It sounds like you have a stuck key on your keyboard. Is this a laptop or a desktop? 
If a desktop, turn the keyboard upside down and shake it, blow out the keyboard of any dust, crumbs etc.
If that still fails, Try a different keyboard.


----------



## DeionBurns (Dec 10, 2015)

There isn't anything under the keys.

As I mentioned, they all stopped working at the same time which is very strange.


----------



## spunk.funk (May 13, 2010)

spunk.funk said:


> Try a different keyboard.





khichaya said:


> 1- try another keyboard


It still sounds like one stuck key, like the Tab key or the Alt key or something else. 
Try a different keyboard.


----------



## DeionBurns (Dec 10, 2015)

spunk.funk said:


> It still sounds like one stuck key, like the Tab key or the Alt key or something else.
> Try a different keyboard.


Can't exactly afford one at the moment and now, I have a new problem which lead me to making another thread about it.

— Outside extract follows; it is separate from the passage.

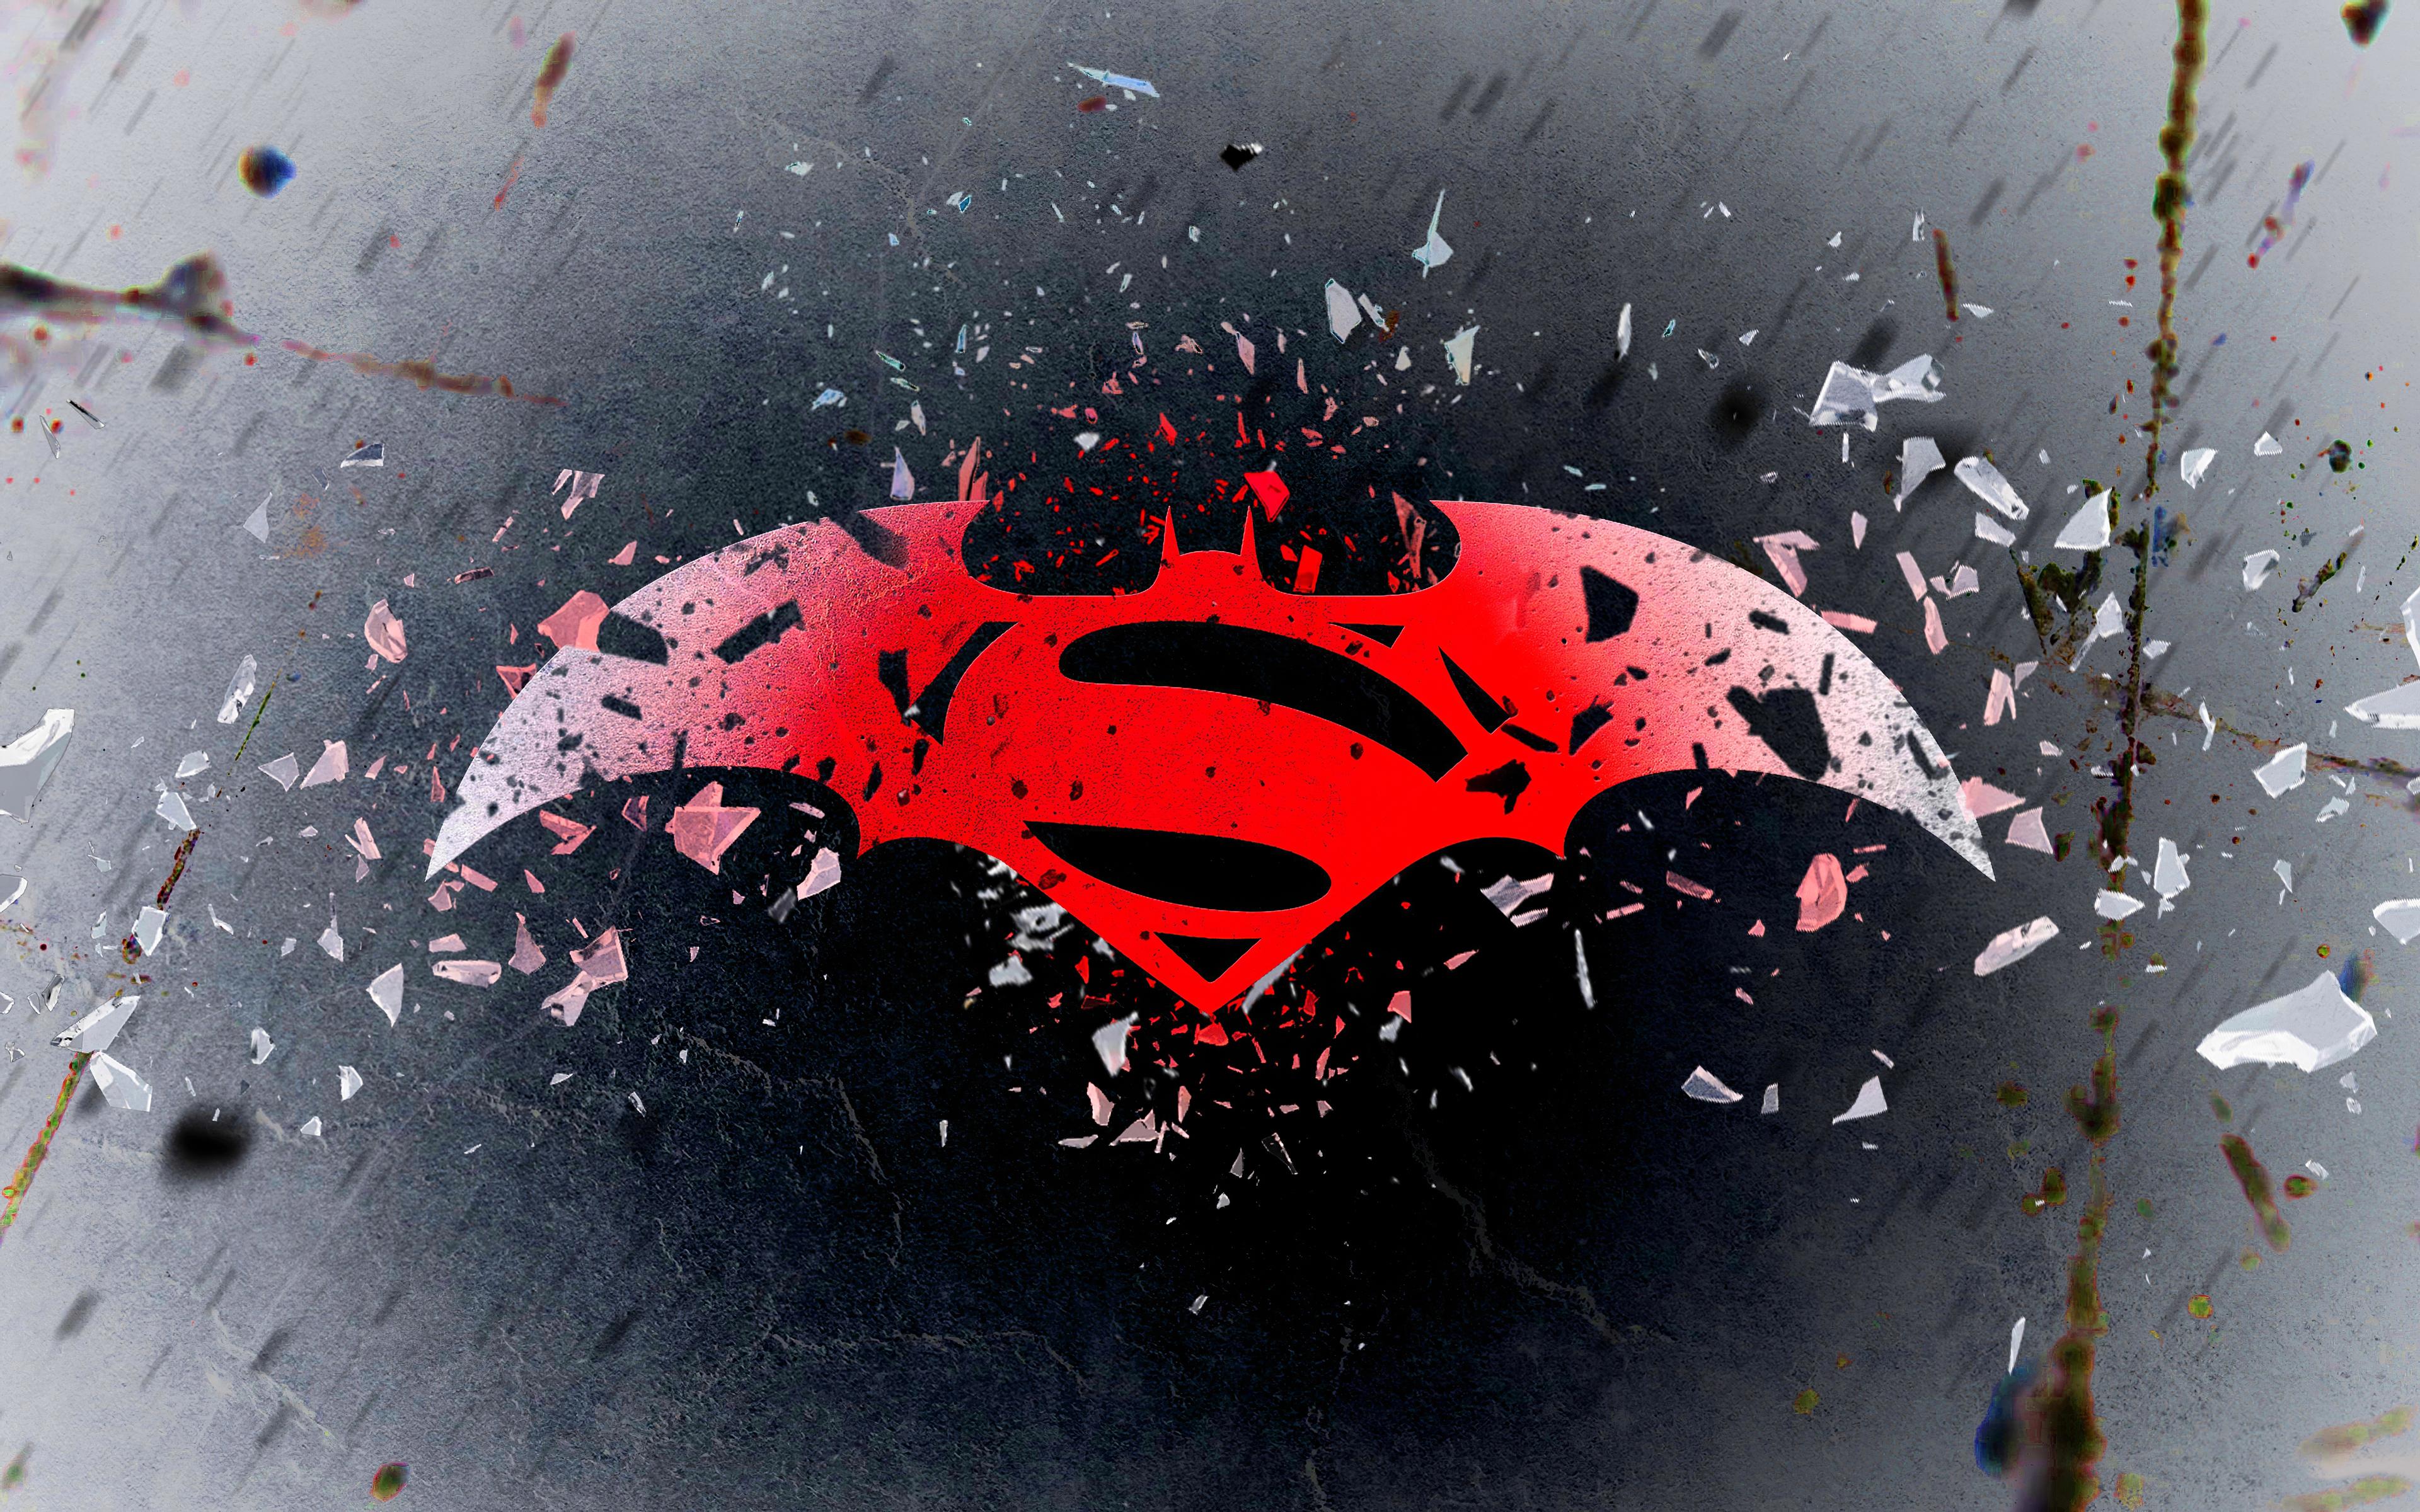 batman superman logo artwork 1576092647 - Batman Superman Logo Artwork - superman logo hd 4k, batman logo 4k wallpaper, batman and superman wallpaper hd 4k, Batman and superman logo wallpaper hd 4k

"This started from me closing my on screen keyboard with caps lock activated.
On march 27, most of my keys(b, n, caps lock, delete, 7(numpad), f1, f8, f12, \, =) have stopped working all at the same time without me doing anything that day. 

Yesterday is when my caps lock started to out act of control. just from me closing the on screen keyboard, I accidentally clicked caps lock and closed it. 

Since it doesn't work, it still flashes on and off. I used malwarebytes and did all 3 scans but nothing was found.

I disabled the key two times, with keytweaker and manual. If I were to hold down on any key like backspace or a letter, it won't spam across the thread or anywhere I type on. This would mean that caps lock is affecting my keys even when disabled.

It won't capitalize everything which is what I want but it still activates and stops my keys from working."


----------



## Rich-M (May 2, 2007)

Keyboards are not that expensive I mean $8-$10 and I don't see how you will solve this any other way.


----------



## spunk.funk (May 13, 2010)

Ok, enable the Hidden Administrator account. Log out as you and login as the Admin. Do you still have the same issues with your keyboard? If so, it's the _keyboard_ and it should be replaced. 
Do you still have the problem with the on screen keyboard in the Admin account? If _not_, then your User Profile is corrupted. 
If User Profile is corrupted, then create a new User Profile with Admin rights and copy your personal files to the new profile and use that.
You can also test with this online keyboard tester: Keyboard Tester


----------



## DeionBurns (Dec 10, 2015)

spunk.funk said:


> Ok, enable the Hidden Administrator account. Log out as you and login as the Admin. Do you still have the same issues with your keyboard? If so, it's the _keyboard_ and it should be replaced.
> Do you still have the problem with the on screen keyboard in the Admin account? If _not_, then your User Profile is corrupted.
> If User Profile is corrupted, then create a new User Profile with Admin rights and copy your personal files to the new profile and use that.
> You can also test with this online keyboard tester: Keyboard Tester


I tried the keyboard test on my main account and the admin account. It doesn't light up on the tester but I hear random clicking sounds on it. Its still active somehow but doesn't capitalize anything. the only way I can tell that its active is when I hold down a key such as backspace or something(eeeeeeeeeeeeeeeeee....................).


----------



## spunk.funk (May 13, 2010)

Then your keyboard failed the keyboard test and is bad. Replace it.


----------